▶ [Exercise requirements]: The lines from the one containing "Prima Setiawan, Chief" through the last line below, both ends included, must be reproduced exactly, with no pictures.

▶ [Dataset excerpt]:

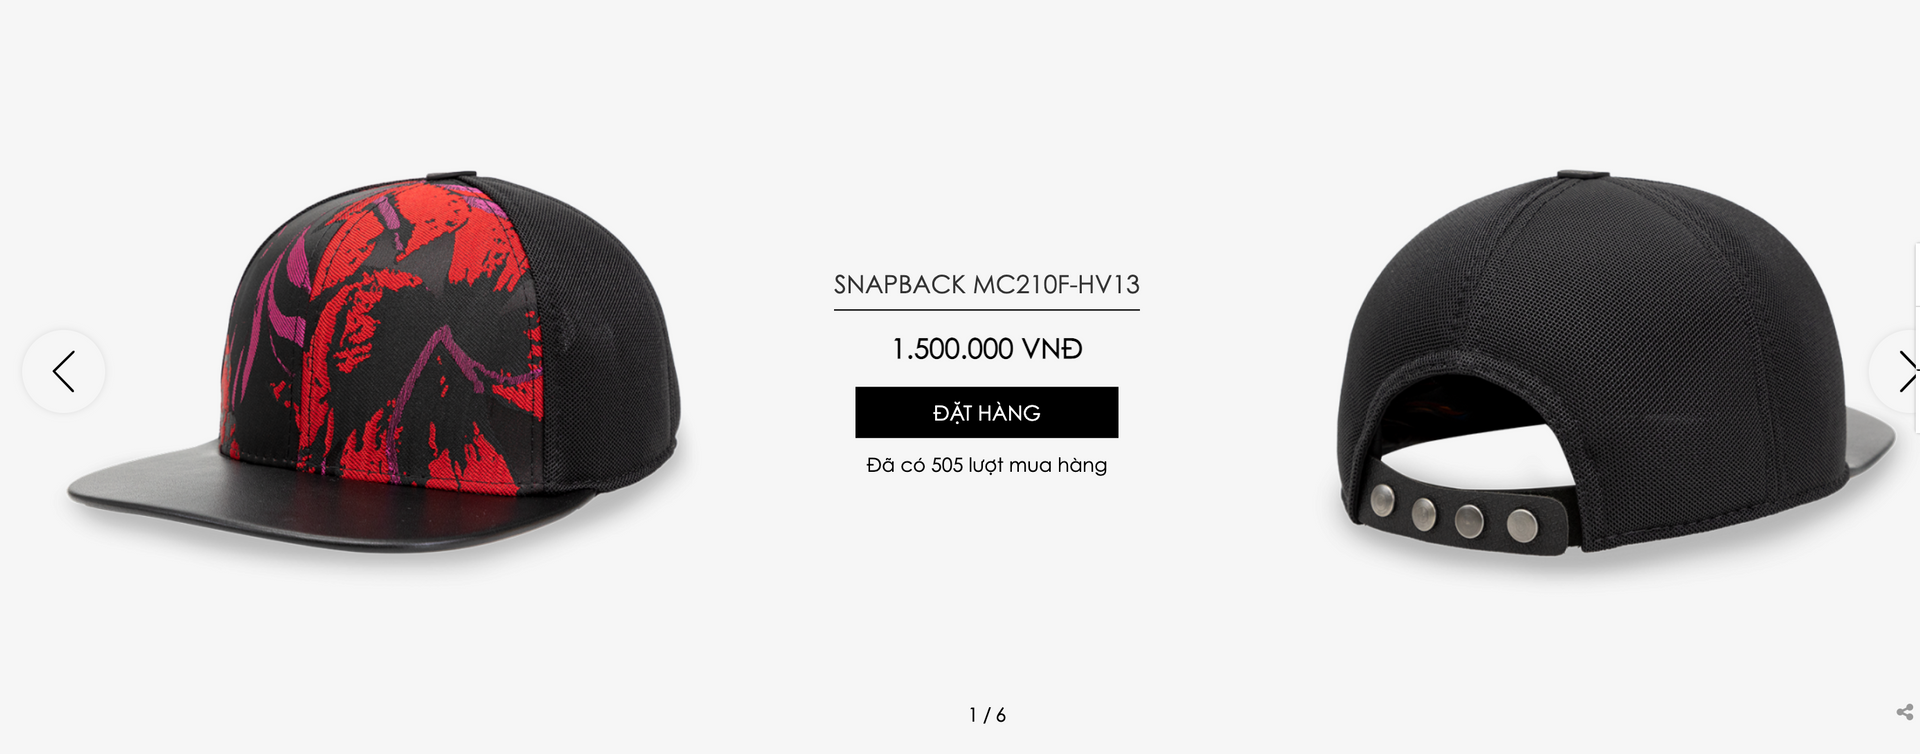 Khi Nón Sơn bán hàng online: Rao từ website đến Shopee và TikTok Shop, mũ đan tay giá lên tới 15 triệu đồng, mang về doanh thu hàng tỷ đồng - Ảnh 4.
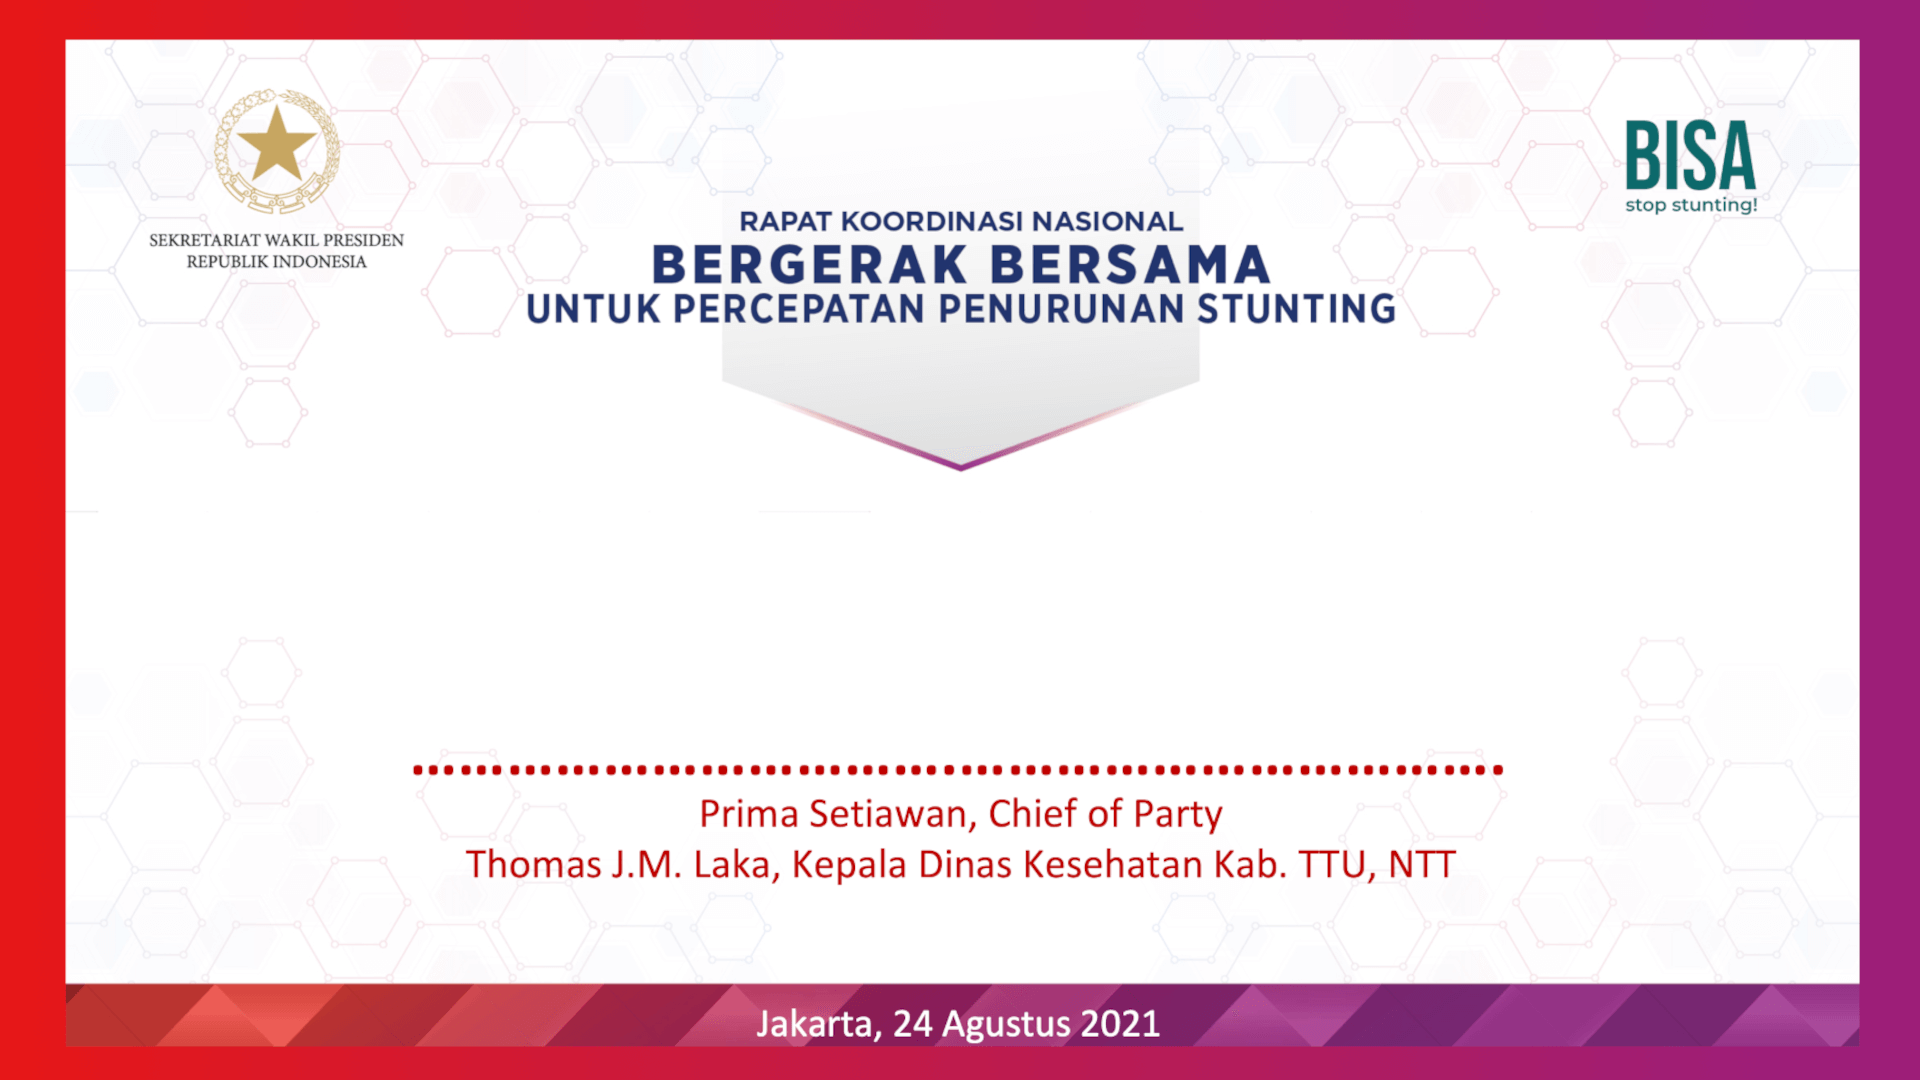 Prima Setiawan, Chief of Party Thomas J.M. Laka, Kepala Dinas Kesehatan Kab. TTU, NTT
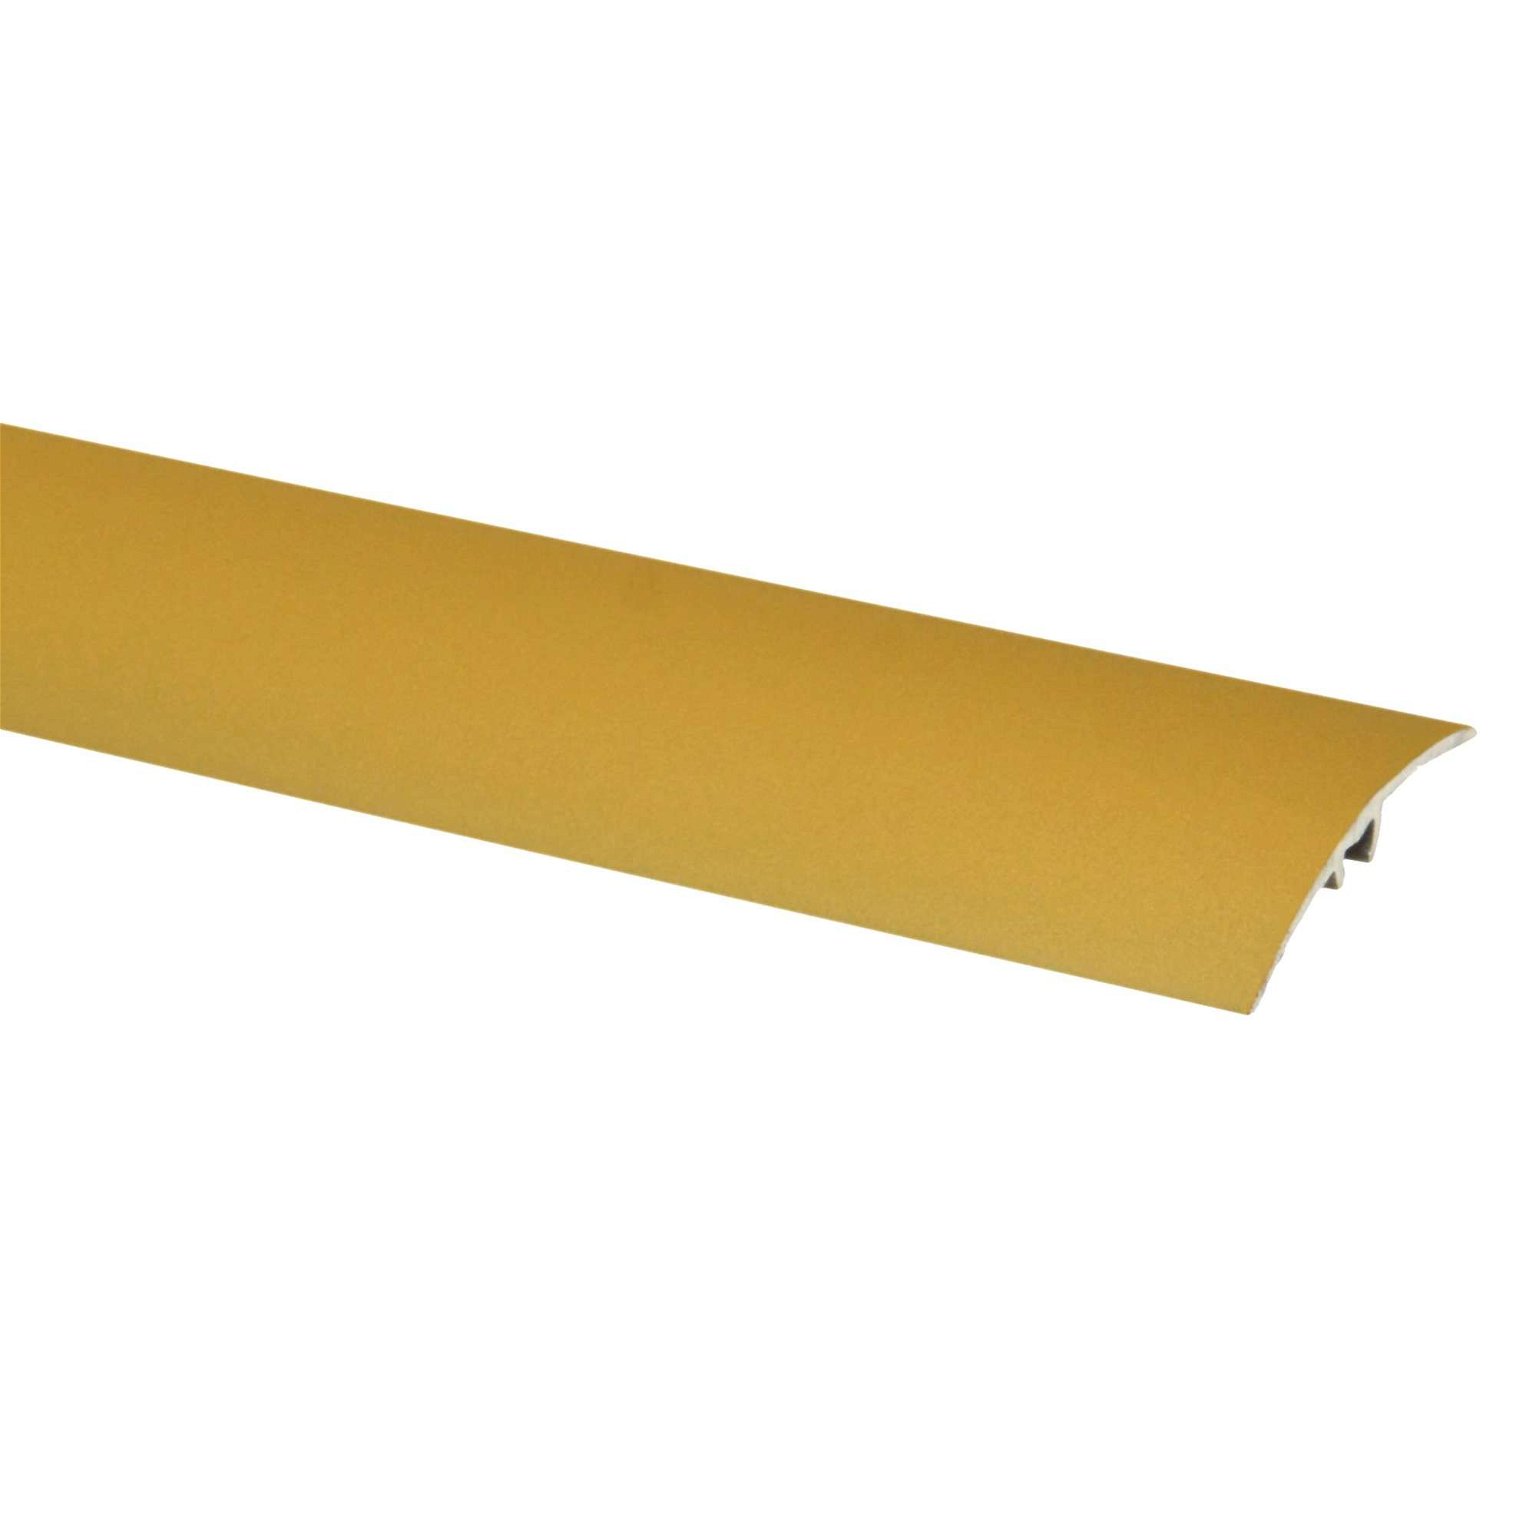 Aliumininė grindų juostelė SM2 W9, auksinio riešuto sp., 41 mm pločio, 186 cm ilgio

▶ [Task solution]:
 Prima Setiawan, Chief of Party Thomas J.M. Laka, Kepala Dinas Kesehatan Kab. TTU, NTT
 Aliumininė grindų juostelė SM2 W9, auksinio riešuto sp., 41 mm pločio, 186 cm ilgio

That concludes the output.